2. the Plant Nme2Cas9 gene of codon vegetalization transformation according to claim 1, wherein the codon The nucleotide sequence of the Plant Nme2Cas9 gene of vegetalization transformation is as shown in SEQ ID No:1.

3. a kind of expression cassette, which is characterized in that the expression cassette contains codon vegetalization transformation of any of claims 1 or 2 Plant Nme2Cas9 gene.

4. a kind of expression vector, which is characterized in that the expression vector is inserted with codon plant of any of claims 1 or 2 Change the Plant Nme2Cas9 gene or expression cassette as claimed in claim 3 of transformation.

5. expression vector according to claim 4, wherein the carrier be pHUN600, PUC57-AMP, pHUN400 or pHUN900。

6. a kind of targeting vector, which is characterized in that the targeting vector is inserted with codon vegetalization of any of claims 1 or 2 The Plant Nme2Cas9 gene or expression cassette as claimed in claim 3 and target site sequence of transformation.

7. a kind of transgenic cell, which is characterized in that the transgenic cell be transferred to have the right to require 1 or 2 described in codon The Plant Nme2Cas9 gene of vegetalization transformation, expression cassette as claimed in claim 3, expression described in claim 4 or 5 carry Body or targeting vector as claimed in claim 6.

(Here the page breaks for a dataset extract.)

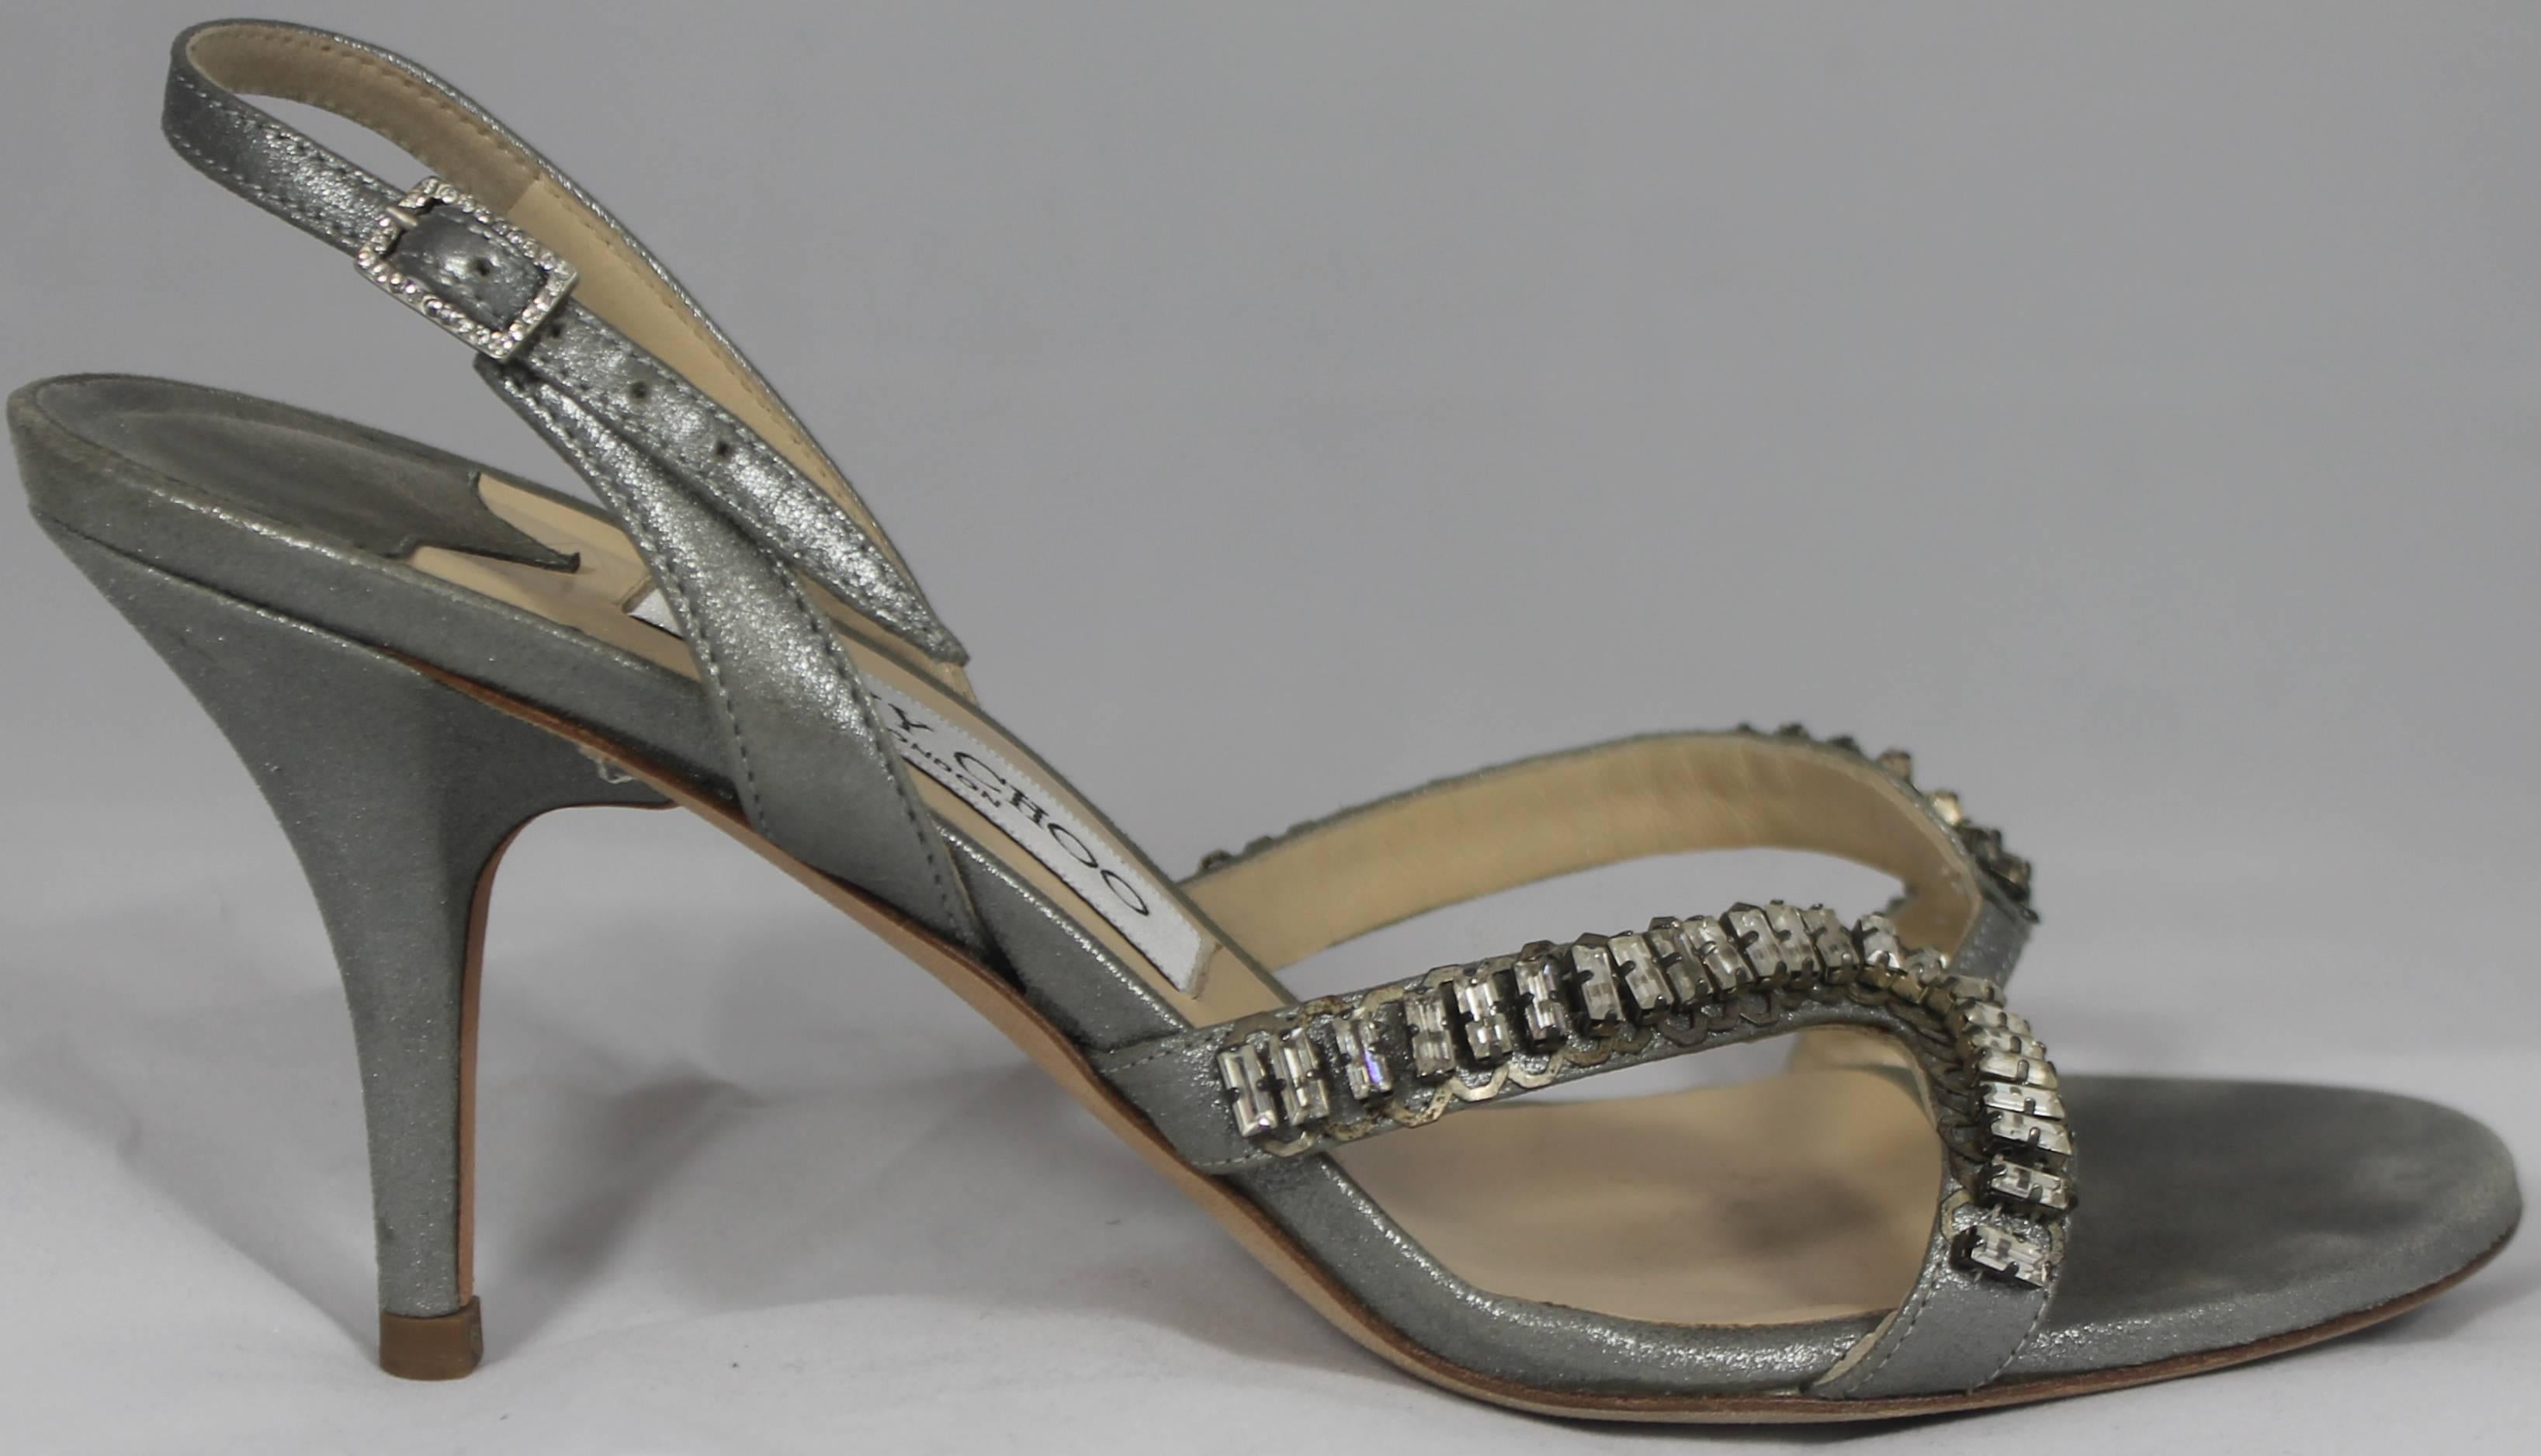 Jimmy Choo Shimmery Silver Slingback Heels with Bedazzlement - 37. These heels have a shimmery silver color. On the slingback, there is a rhinestone buckle. The front of the shoes have 2 straps that are covered in rhinestone beads. They are in good

8. the Plant Nme2Cas9 gene of codon vegetalization of any of claims 1 or 2 transformation, as claimed in claim 3 Expression cassette, expression vector described in claim 4 or 5, targeting vector as claimed in claim 6 or as claimed in claim 7 turn Application of the gene cell in Plant Genome editor, wherein the Plant Genome editor includes carrying out to Plant Genome Shearing, obtains genetically modified plants containing mutation sites or plant part.

9. application according to claim 8, wherein the plant is monocotyledon, preferably rice, more preferably round-grained rice Rice, further preferably japonica rice OryzasativaLcv.Nipponbare.

10. a kind of method for obtaining transgenic paddy rice or rice containing mutation sites part, which is characterized in that this method packet It includes:

(1) targeting vector as claimed in claim 6 is converted into Agrobacterium tumefaciems, obtains the transgenic cell of Agrobacterium tumefaciems；

(2) EMBRYO IN RICE is induced on callus inducing medium, to obtain secondary callus；

(3) transgenic cell of the Agrobacterium tumefaciems is contacted and is infected with the secondary callus, after infecting Secondary callus co-cultured in Agrobacterium tumefaciems culture medium, with the secondary callus after being co-cultured；

(4) the secondary callus is successively screened, seedling and rooting treatment.